### RECORDS FOR THE EXERCISE

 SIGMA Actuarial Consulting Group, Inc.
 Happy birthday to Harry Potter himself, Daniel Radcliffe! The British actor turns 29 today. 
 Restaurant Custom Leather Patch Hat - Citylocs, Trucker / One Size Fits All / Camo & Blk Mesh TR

######
### RECORDS FOR THE EXERCISE

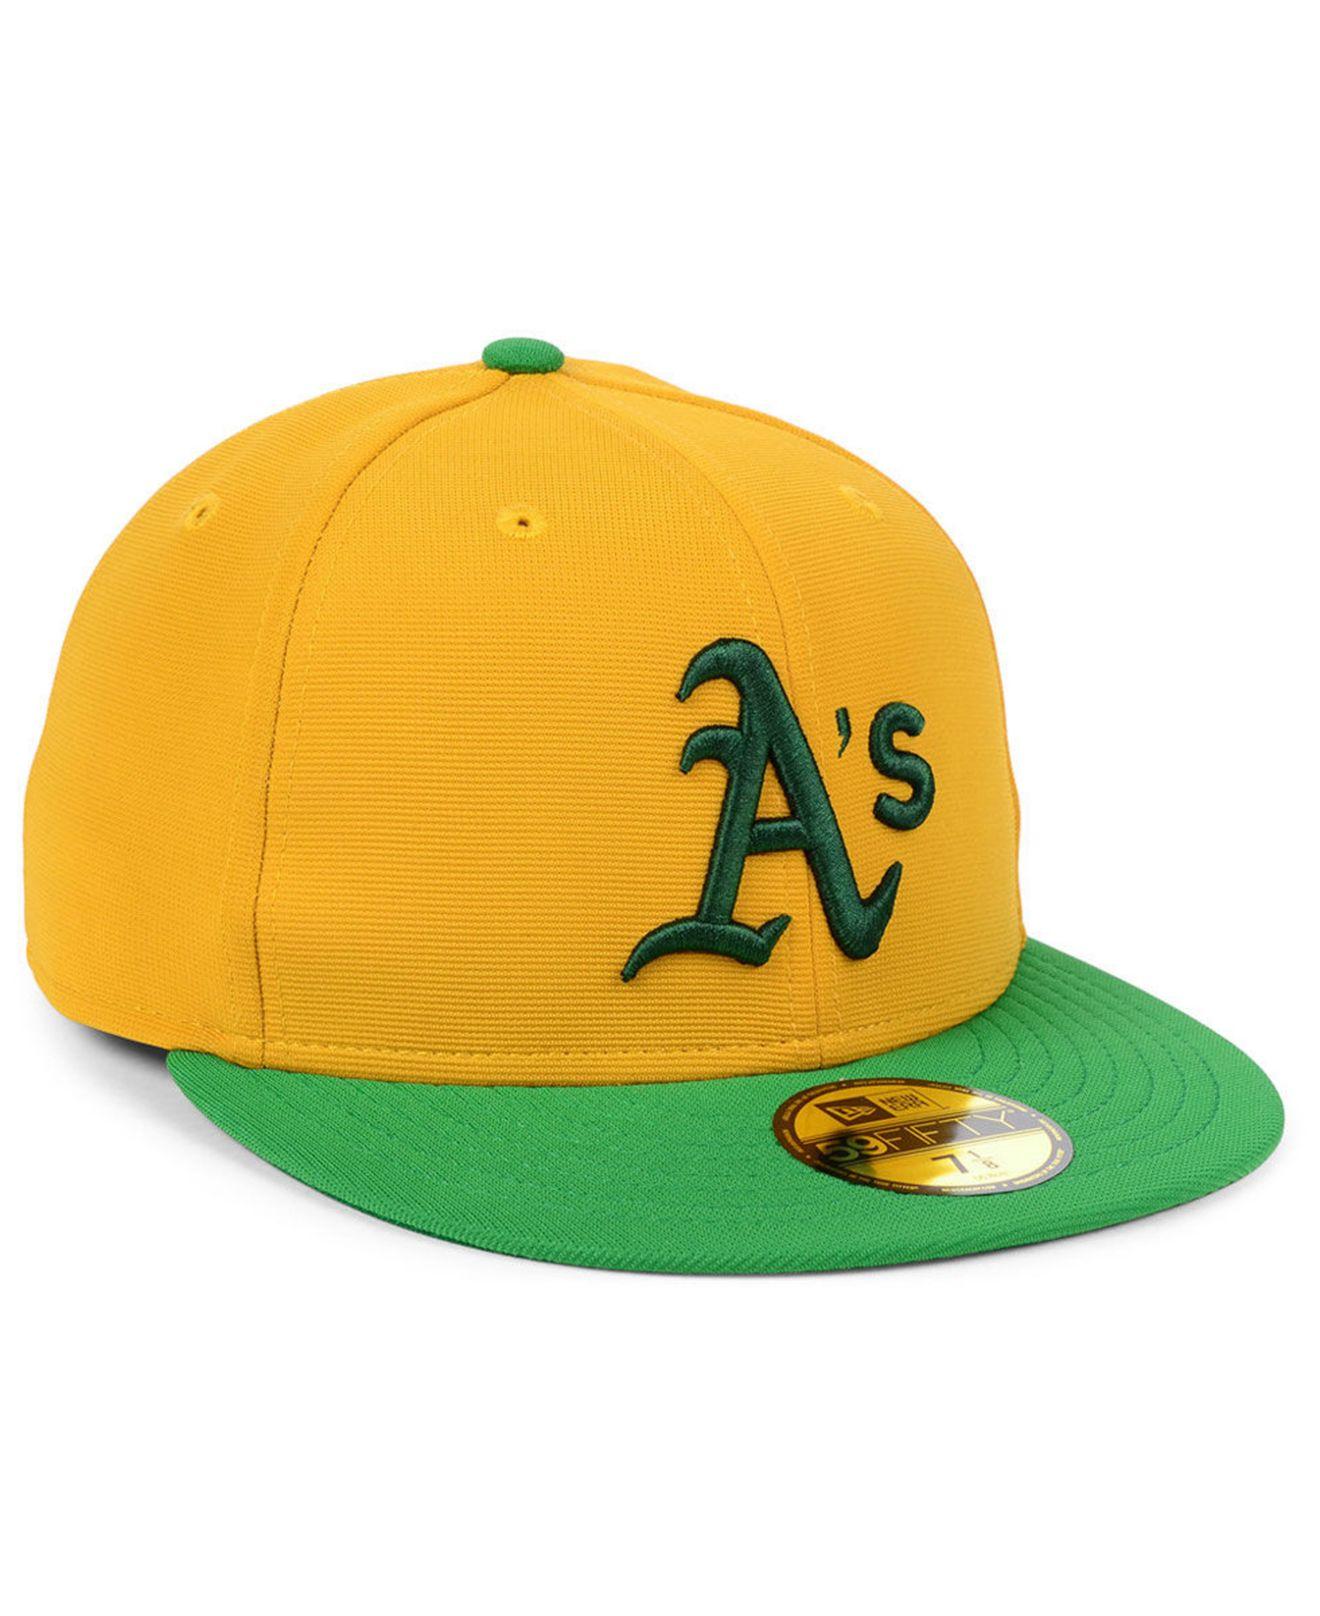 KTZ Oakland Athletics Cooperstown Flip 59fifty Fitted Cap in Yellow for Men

######
### RECORDS FOR THE EXERCISE

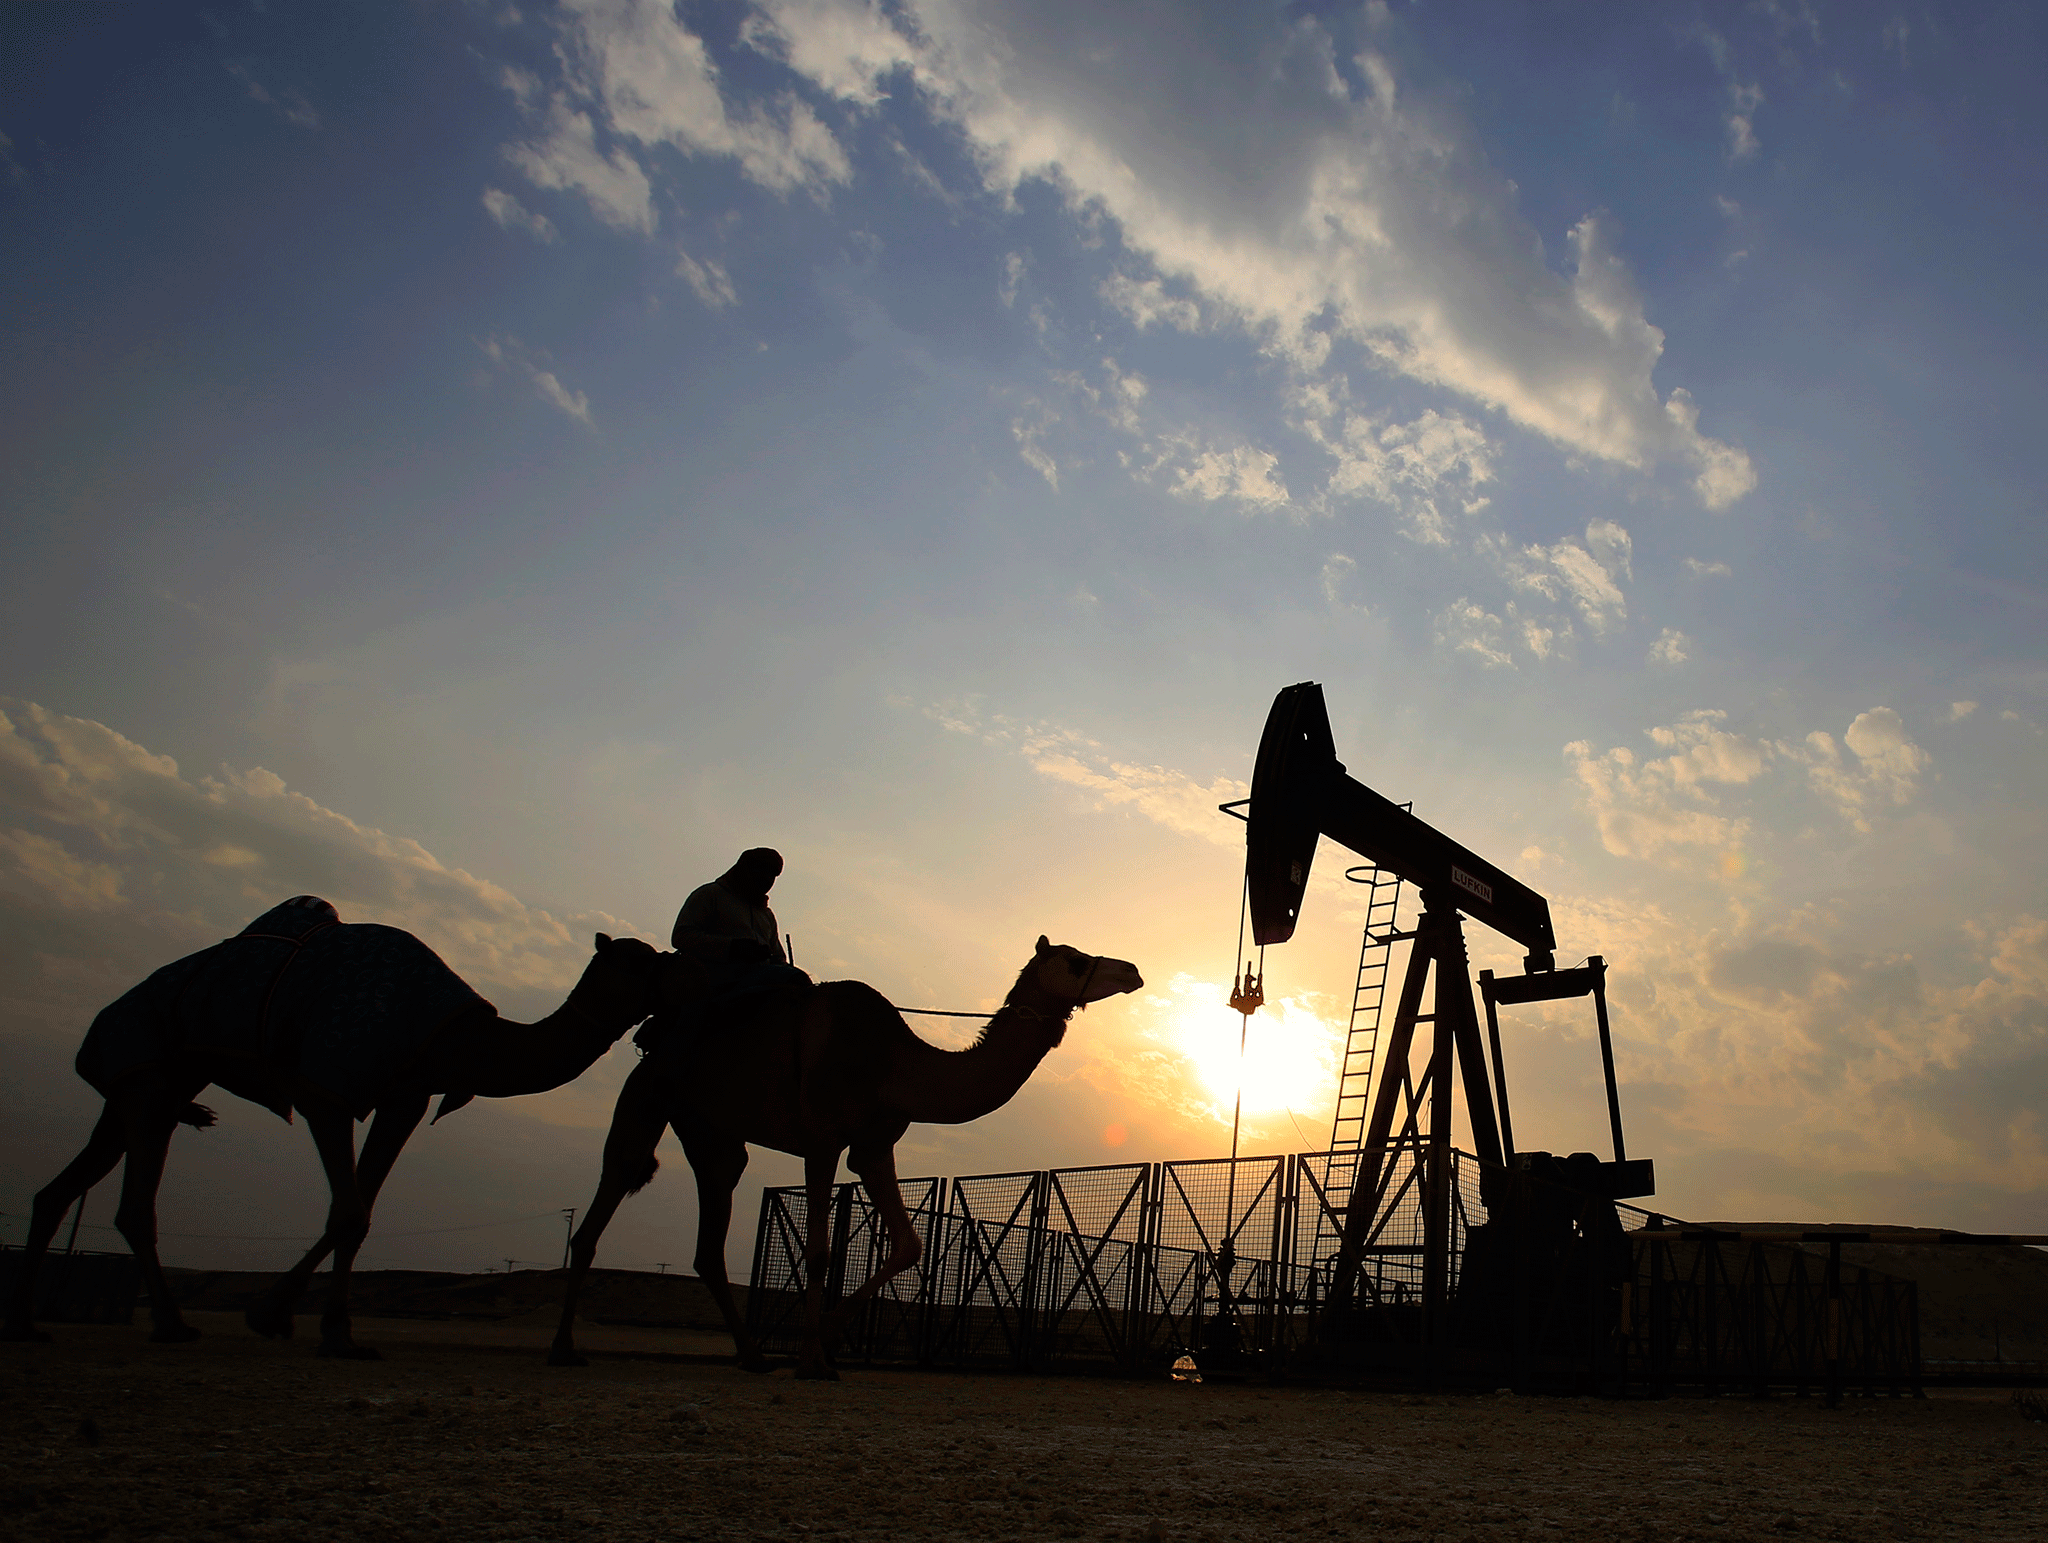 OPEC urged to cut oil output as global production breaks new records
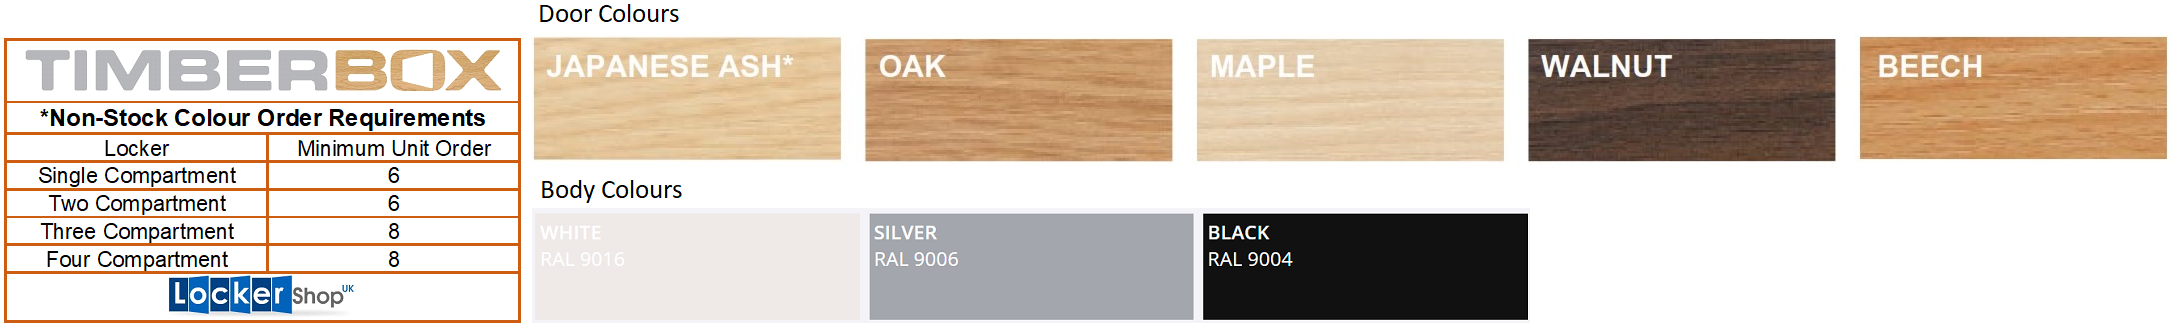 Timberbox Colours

######

* [TO DO]
When you reach the line with "OPEC urged to" in the records above, begin repeating the lines exactly, and stop after the line with "Timberbox Colours". Skip all pictures.

* [RESPONSE]
 OPEC urged to cut oil output as global production breaks new records
 Timberbox Colours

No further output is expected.